The impairment of either or both of these mechanisms plays a role in a specific condition known as prosopagnosia [10], characterized by serious and (often) specific face identification deficits [11,12,13]. Albeit early scientific reports refer to the acquired form of prosopagnosia, where people lost their previously intact face recognition ability after a brain injury, research over the last ~25 years has increasingly focused on the developmental (or congenital) form of prosopagnosia (DP), which refers to the lifelong difficulty in recognizing faces despite the absence of brain damages [7,14,15,16].
Along with studies assessing the cognitive phenotype and interindividual variability of developmental prosopagnosia [14], much research has focused on the neural underpinnings of this condition [17]. This corpus of research is based on evidence from neurotypical individuals, showing the existence of face-sensitive neuro-cognitive mechanisms. Functional magnetic resonance imaging (fMRI) and invasive neuronal recordings in humans (and non-human primates) reveal the existence of a network of face-sensitive regions in the ventral occipito-temporal cortex (VOTC) [18,19,20,21,22]. Face-sensitive regions are mostly (albeit not specifically) right-lateralized and identified in the lateral surface of the inferior occipital cortex (i.e., occipital face area—OFA) [23], the lateral side of the fusiform gyrus (i.e., fusiform face area—FFA) [19], and the posterior part of the superior temporal sulcus (pSTS) [24].
Further neuroimaging evidence has unveiled two main face-sensitive networks in the human brain: (i) the core face network and (ii) the extended face network [21,25]. Following the early-stage analysis of face and structural processing in the OFA [26], information on invariant facial features (i.e., crucial information for face identity) reaches the FFA [21,27], while dynamic (changeable) features such as movements in eye gaze or facial expressions are directed to the pSTS [28,29,30]. Additional face-sensitive regions have also been described in the so-called extended face network. Indeed, the FFA projects to the anterior part of the medial (aMTG) and inferior temporal gyrus (aITG), which process the biographical and semantic information of known faces [31,32] (i.e., as suggested by patients with aTC damage causing the inability to access person-specific information from faces and names [33,34,35]).

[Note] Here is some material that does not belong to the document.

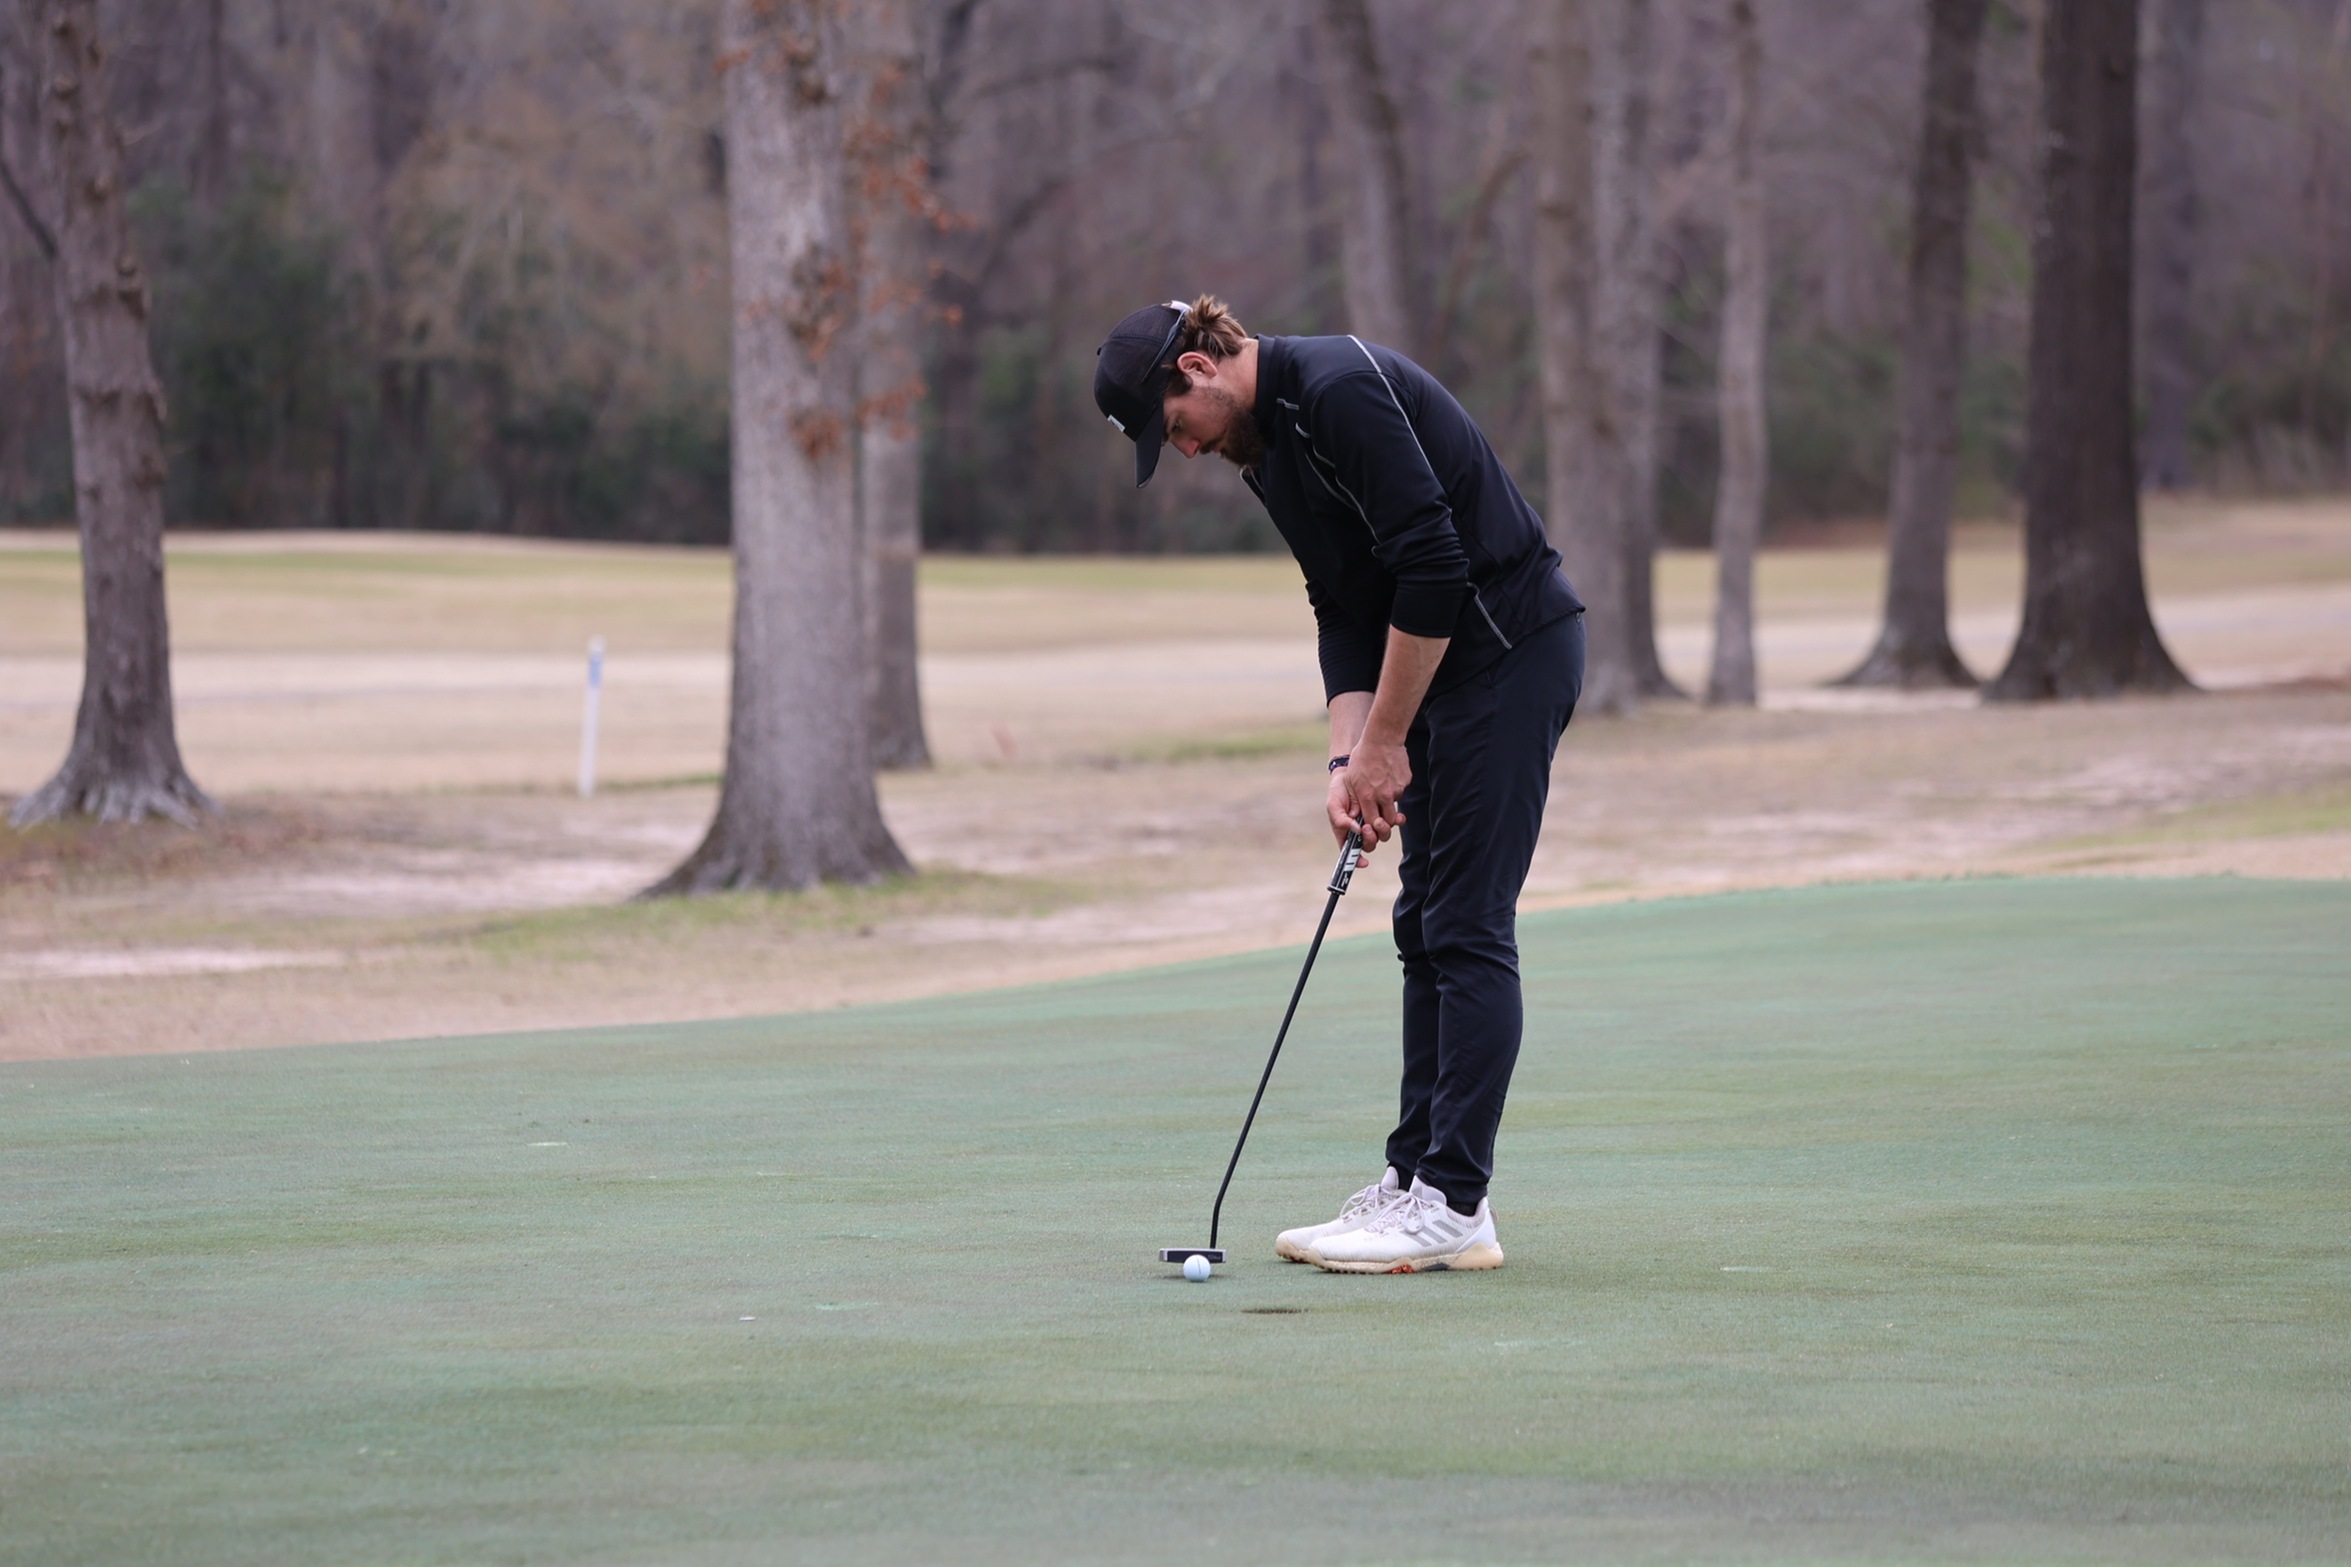 Junior Devan Martin shot a 5-over 77 on Monday as he eyes a top-10 finish.

Further engaged areas include the intraparietal sulcus, which directs attention based on gaze; the auditory cortex, involved with speech perception; and the amygdala and limbic system, which process emotional information [20,21].
As for the temporal dynamics of face-processing, event-related potentials (ERPs) show that faces elicit specific occipito-temporal components [36]. A well-established ERP marker of face-sensitive cortical processing is the N170 [37,38,39], which consists of a large and often right-lateralized electroencephalography (EEG) deflection peaking between 150 and 200 ms over the occipitotemporal cortex in response to faces compared to non-face stimuli [40]. In magnetoencephalography (MEG), a similar component (i.e., the M170) is also observed [41,42,43,44]. Other components involved in face processing include the P1 (indexing a very early stage of face processing [45,46]), the N250 (reflecting the activation of preexisting and acquired face representations [47,48]), and the P600f (indexing later post-perceptual stages of face recognition [38,49]).
Albeit early neuroimaging—mainly single case—studies failed to show functional and morphological abnormalities in individuals with developmental prosopagnosia’s brains [50,51], recent evidence has shown face-network abnormalities at multiple levels [52,53]. This scoping review aims to shed light on convergent and contrasting findings, reviewing twenty-five years of neuroimaging literature on the anatomo-functional correlates of developmental prosopagnosia. Our objective is to map the functional and anatomical differences between individuals with developmental prosopagnosia and healthy controls to provide a starting point for future studies in this field.

2. Literature Search

Two researchers (AP and VM) conducted a literature search using PubMed (URL: https://pubmed.ncbi.nlm.nih.gov/, accessed on 7 May 2023) and Web of Science (URL: https://www.webofscience.com/, accessed on 7 May 2023) for reports published in the English language without time limits (last updated on 1 May 2023). The search keywords included (“developmental prosopagnosia” OR “congenital prosopagnosia”) AND (“magnetic resonance imaging” OR “diffusion tensor imaging” OR “electroencephalography” OR “magnetoencephalography” OR “positron emission tomography”). During the screening of publications, we also searched within their reference lists to identify additional eligible studies. Only original research comparing the brain structure and activity of healthy control participants (HC) and individuals with developmental prosopagnosia (DPs) were included in this review. In Table 1, the total number of records and studies included in this review are summarized based on technique and DPs sample size. The overall sample of DPs was 818, but many of them were involved in multiple studies. Due to the high heterogeneity in the methods, procedures, outcomes, sample selections, and study designs, we deliberately opted for a scoping review [54,55]. The methodologies, sample characteristics, and main results of the included studies are summarized in Table 2 (MRI studies) and Table 3 (EEG and MEG studies).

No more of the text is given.